The configuration file includes the following properties:

embedded : boolean

Specifies an embedded or external DS instance.

IDM uses an embedded DS instance by default. The embedded instance is not supported in production.

maxConnectionAttempts : integer

Specifies the number of times IDM should attempt to connect to the DS instance. On startup, IDM will attempt to connect to DS indefinitely. The maxConnectionAttempts parameter controls the number of reconnection attempts in the event of a failure during normal operation, for example, if an attempt to access the DS repository times out.

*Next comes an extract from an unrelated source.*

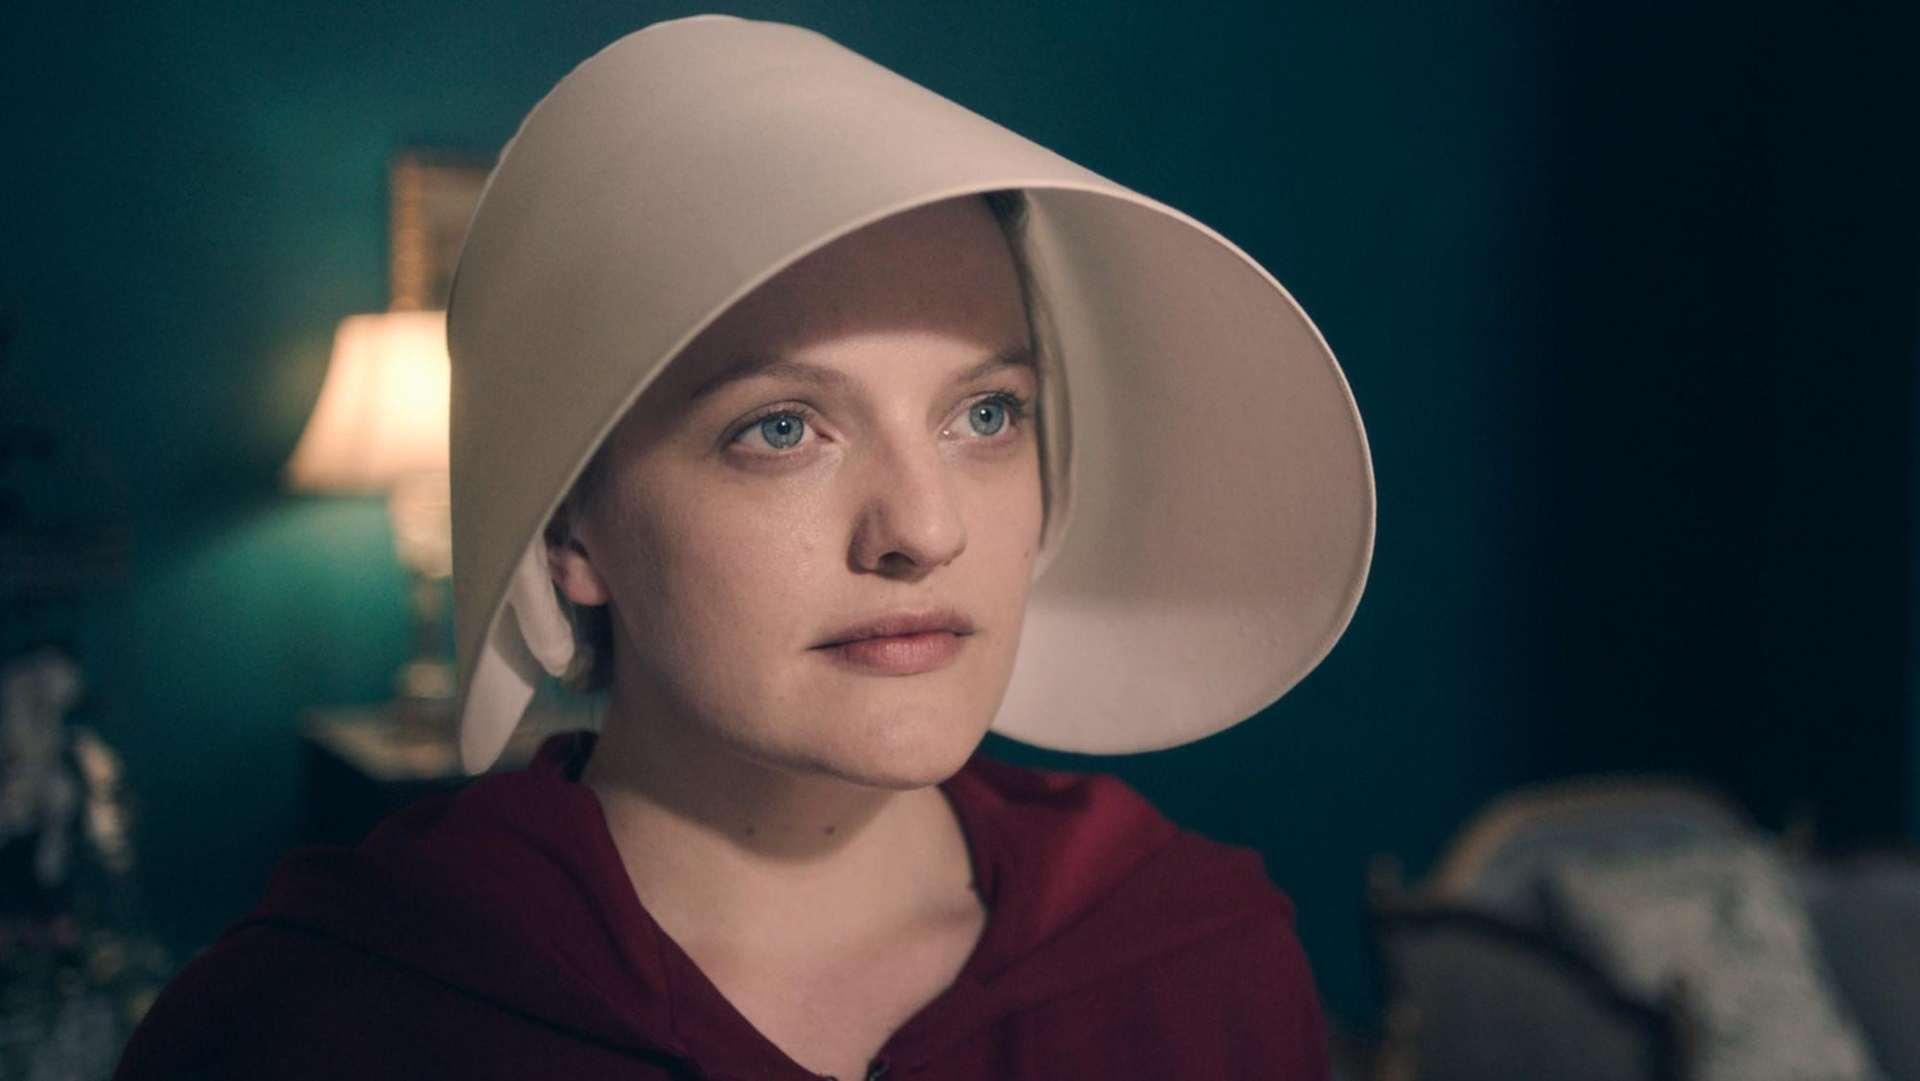 Кадры из фильма Рассказ служанки The Handmaid's Tale 2017

By default, IDM will attempt to reconnect to the DS instance 5 times.

security

Specifies the keystore and truststore for secure connections to DS.

"security": {
    "trustManager": "file",
    "fileBasedTrustManagerType": "JKS",
    "fileBasedTrustManagerFile": "&{idm.install.dir}/security/truststore",
    "fileBasedTrustManagerPasswordFile": "&{idm.install.dir}/security/storepass"
}

In the default case, where DS servers use TLS key pairs generated using a deploymentId and deploymentIdPassword, you must import the deploymentId-based CA certificate into the IDM truststore. For more information, refer to External DS repository.

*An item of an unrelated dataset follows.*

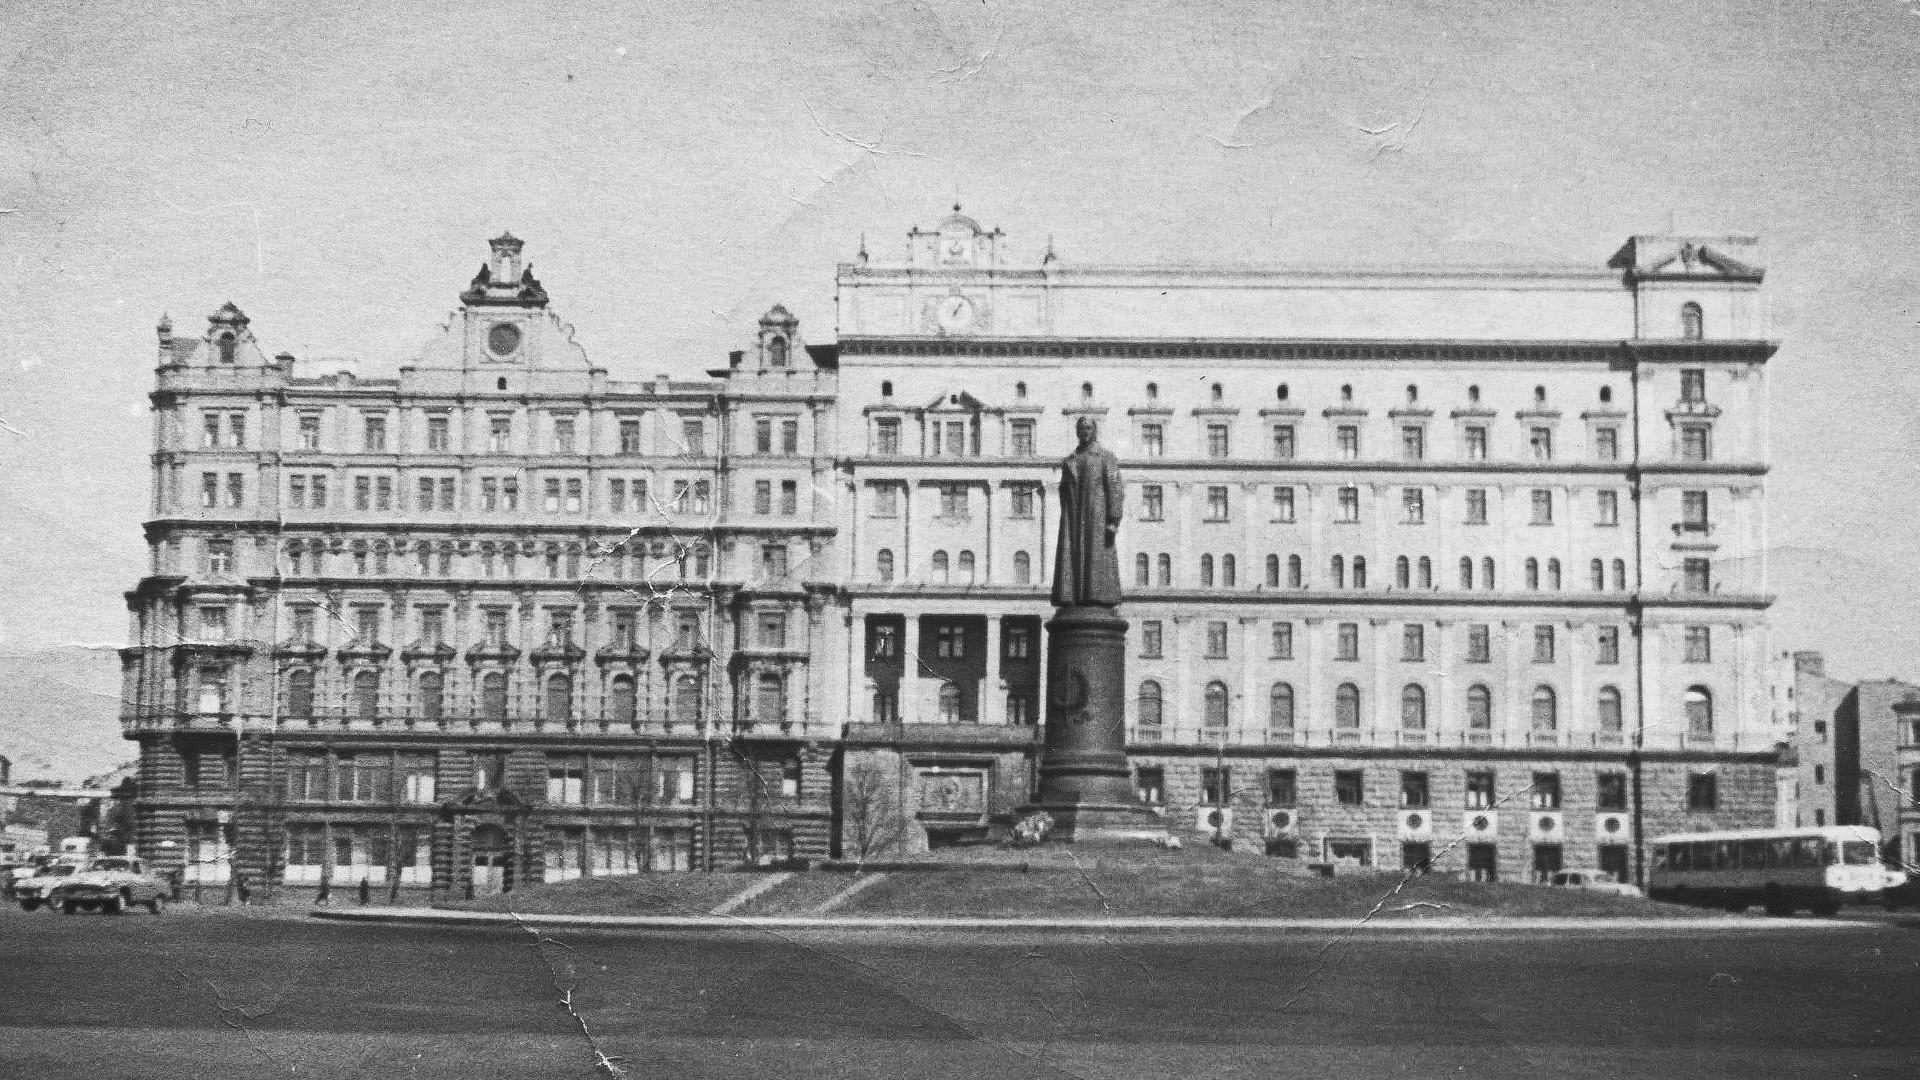 Lubjanka. Glavno poslopje sovjetske tajne službe Čeka (kasneke NKVD, kasneje KGB)

Note that the security settings have no effect for an embedded DS repository. Embedded DS is not supported in production, and is meant for evaluation or testing purposes only.

ldapConnectionFactories

For an external DS repository, configures the connection to the DS instance. For example:

"ldapConnectionFactories": {
  "bind": {
    "connectionSecurity": "startTLS",
    "heartBeatIntervalSeconds": 60,
    "heartBeatTimeoutMilliSeconds": 10000,
    "primaryLdapServers": [
      {
        "hostname": "localhost",
        "port": 31389
      }
    ],
    "secondaryLdapServers": []
  },
  "root": {
    "inheritFrom": "bind",
    "authentication": {
      "simple": { "bindDn": "uid=admin", "bindPassword": "password" }
    }
  }
}

The connection to the DS repository uses the DS REST2LDAP gateway and the ldapConnectionFactories property sets the gateway configuration. For example, the secondaryLdapServers property specifies an array of LDAP servers that the gateway can contact if the primary LDAP servers cannot be contacted.

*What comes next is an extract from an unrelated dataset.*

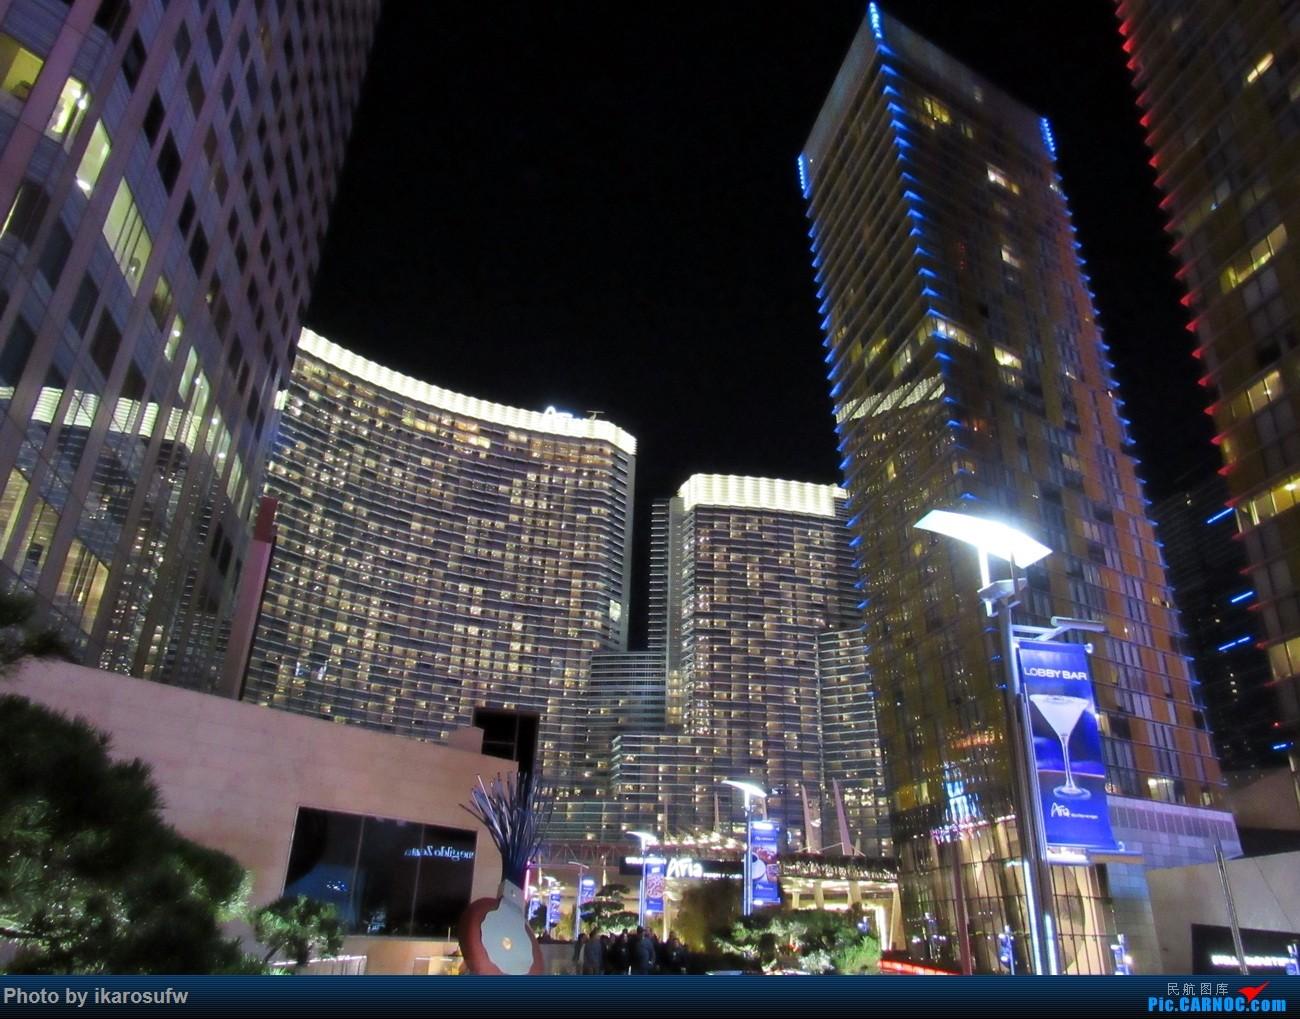 Re:[原创]圣诞节新年 新加坡北京旧金山/洛杉矶北京新加坡往返全记录及美西20日之旅 中国国际航空 CA970/985/988/975(三)

For information on all the gateway configuration properties, refer to Gateway Configuration in the DS REST API Guide.

queries

Predefined queries that can be referenced from the configuration. For a DS repository, all predefined queries are really filtered queries (using the _queryFilter parameter), for example:

"query-all-ids": {
    "_queryFilter": "true",
    "_fields": "_id,_rev"
}

The queries are divided between those for generic mappings and those for explicit mappings, but the queries themselves are the same for both mapping types.

commands

Specific commands configured to manage the repository over the REST interface. Currently, only two commands are included by default:

  • delete-mapping-links

  • delete-target-ids-for-recon

Both of these commands assist with removing stale reconciliation audit information from the repository, and preventing the repository from growing too large.

rest2LdapOptions

Specifies the configuration for accessing the LDAP data stored in DS. For more information, refer to Gateway REST2LDAP Configuration in the DS REST API Guide.

indices

For generic mappings, enables you to set up LDAP indices on custom object properties. For more information, refer to Improving Generic Mapping Search Performance (DS).

schemaProviders

For generic mappings, enables you to list custom objects whose properties should be indexed. For more information, refer to Improving Generic Mapping Search Performance (DS).

resourceMapping

Defines the mapping between IDM resource URIs (for example, managed/user) and the DS directory tree. The structure of the resource mapping object is as follows:

{
    "resourceMapping" : {
        "defaultMapping": {
            "dnTemplate": "ou=generic,dc=openidm,dc=forgerock,dc=com"
        },
        "explicitMapping" : {...},
        "genericMapping" : {...}
    }
}

The default mapping object represents a default generic organizational unit (ou) in which any resource that does not have a more specific mapping is stored.

The generic and explicit mapping objects are described in Object mappings.